Getting your kids out of harm’s way is only possible if you are a parent of means. Then you can afford private-school tuition or pull up stakes and move to a better (or less bad) district – though you’ll likely find rents and home prices higher there.

Everyone else copes with fallout from not just one but two monopolies. Customers deal with bloated bureaucracies that enforce system-wide dictates that often ill serve students and demoralize teachers. Upstream, those teachers bargain collectively – i.e., monopolistically – about compensation, exercising market power via occasional strikes or promising a bloc of votes to the politicians they can roll over most easily.

This “systemic monopolism” (to parallel woke terminology) explains much of the chronic underperformance of our public schools. In the last half-century, we have tripled real per-pupil spending in the U.S., yet many achievement scores are stubbornly flat. Sure, more money sometimes helps, but relying on monopolies to spend wisely is a fool’s errand.

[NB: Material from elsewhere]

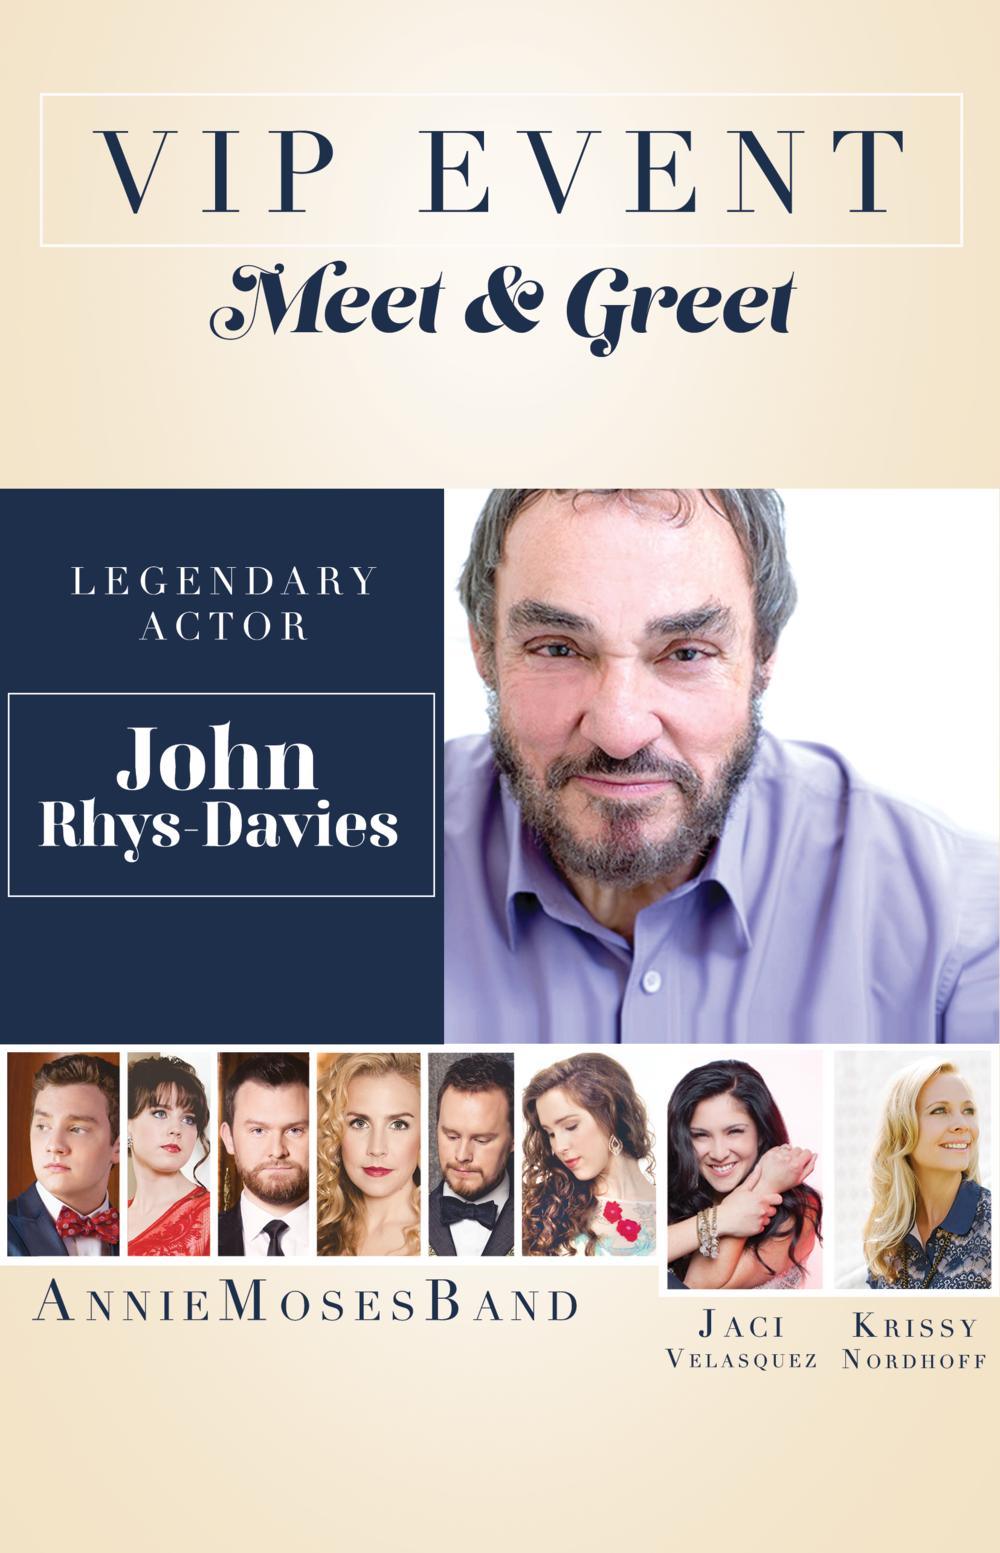 VIP Meet and Greet w/ John Rhys-Davies July 15.png
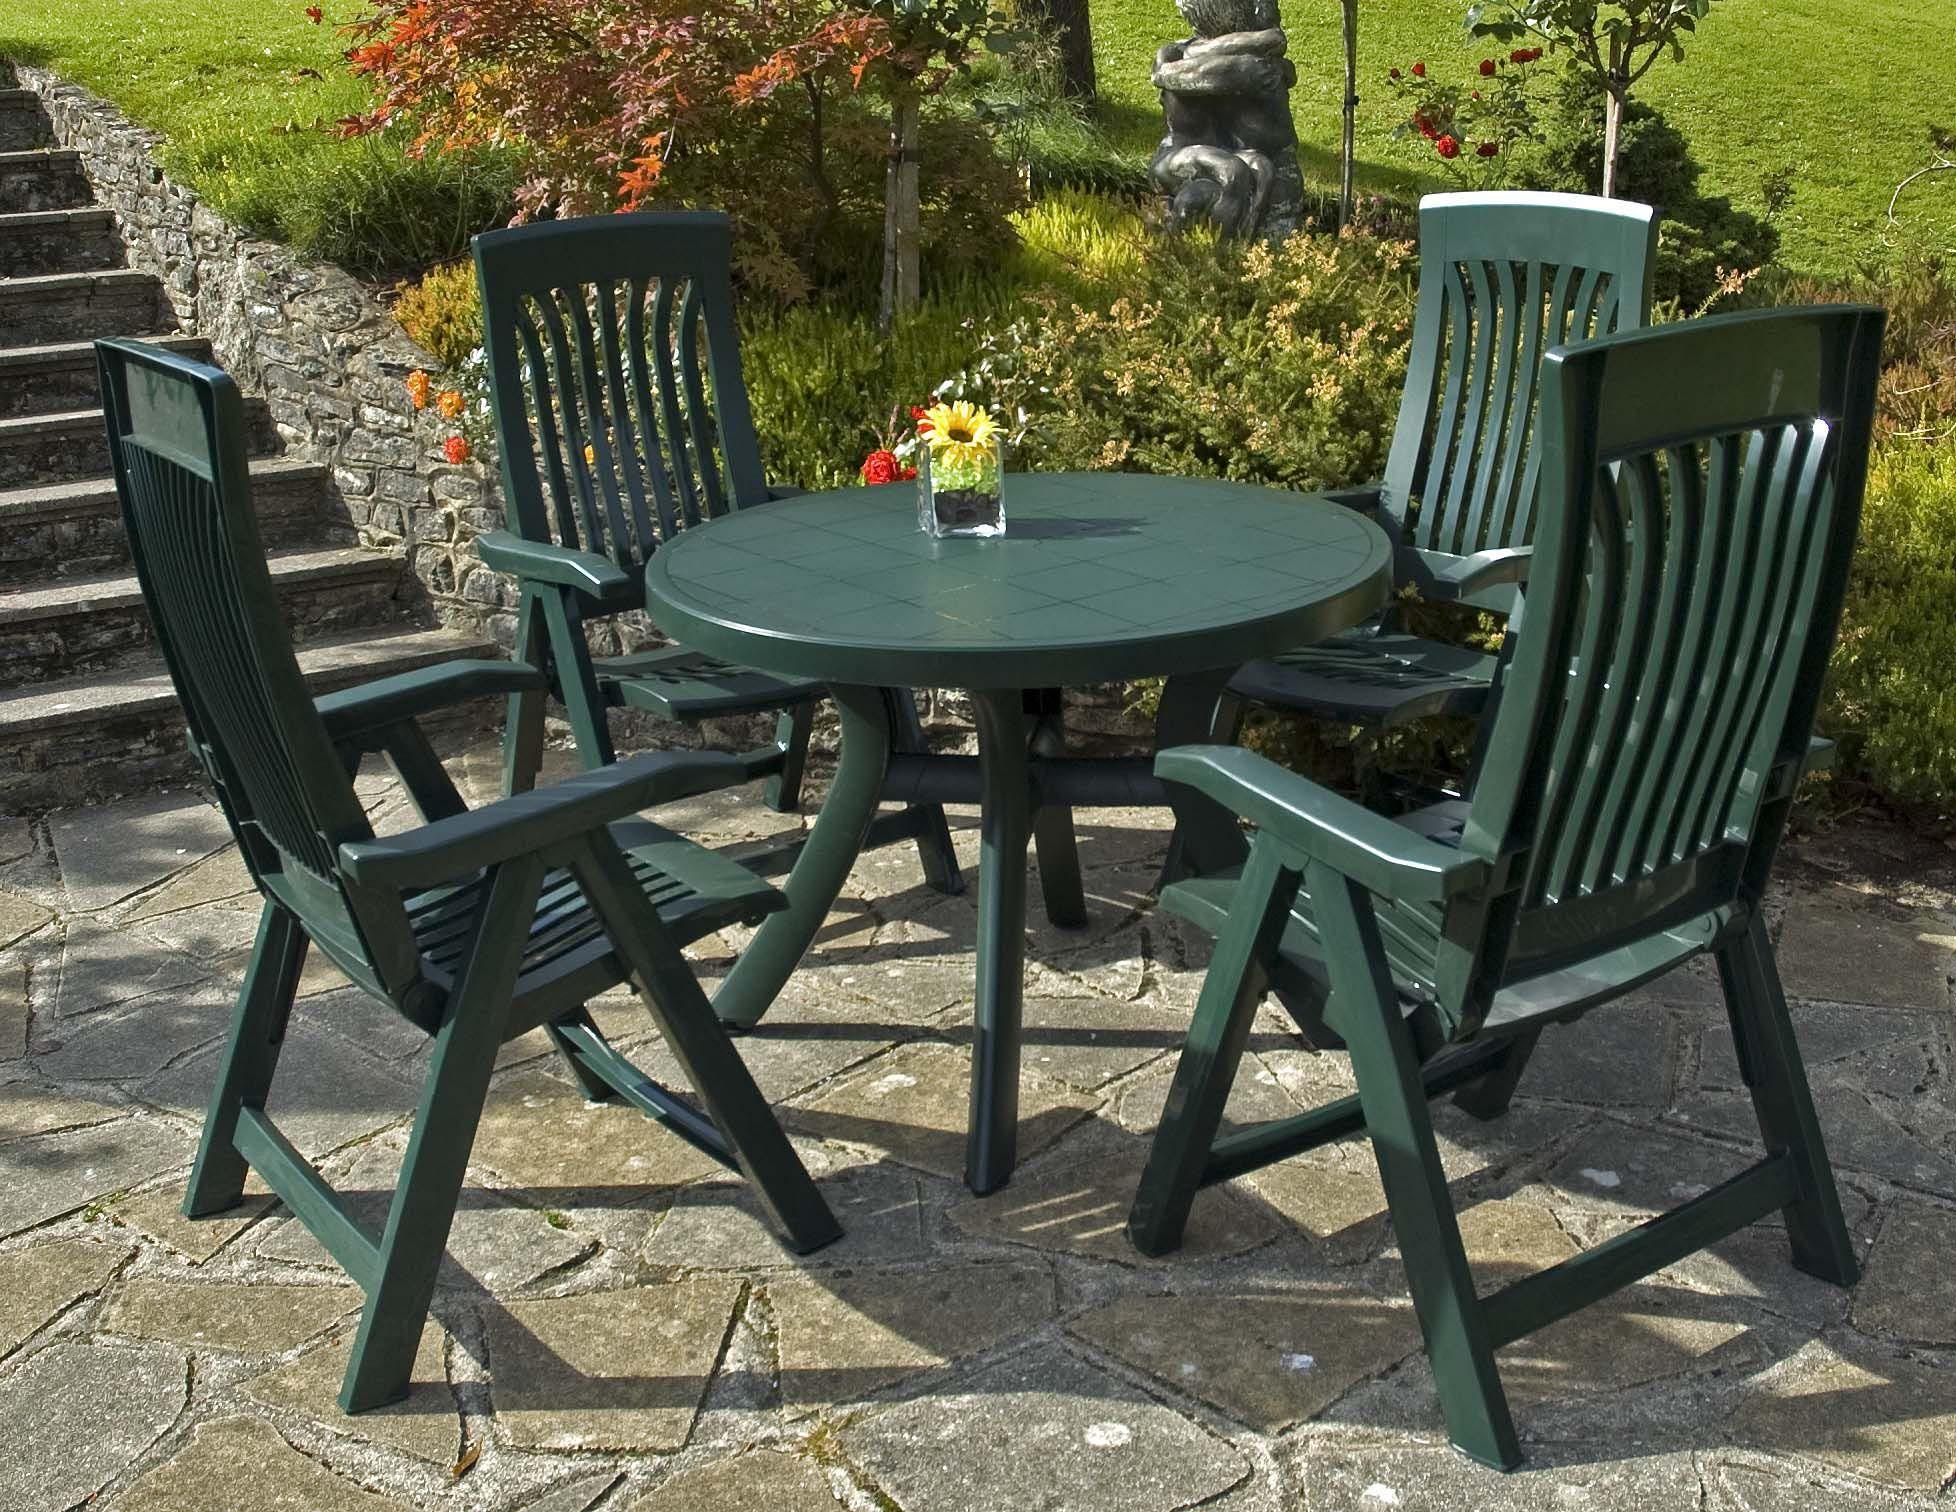 Backyard Chairs Furniture Ideas Plastic

Yet we not only tolerate this disappointing status quo but nod agreeably as pundits, politicians and special interests with their snouts in this trough assure us that with more billions and adoption of the “best practices” du jour, all will be well.

If we organized any other key market this way, there’d be a revolution. Suppose, for example, our elected representatives decided we should not leave food supply to “the free market.” Central planners would manage production in government-owned farms and food processing plants; you would get your rations in your district’s state-run grocery store. If you didn’t like the quality of whatever showed up on its shelves, you could seek out private sellers — if rich enough.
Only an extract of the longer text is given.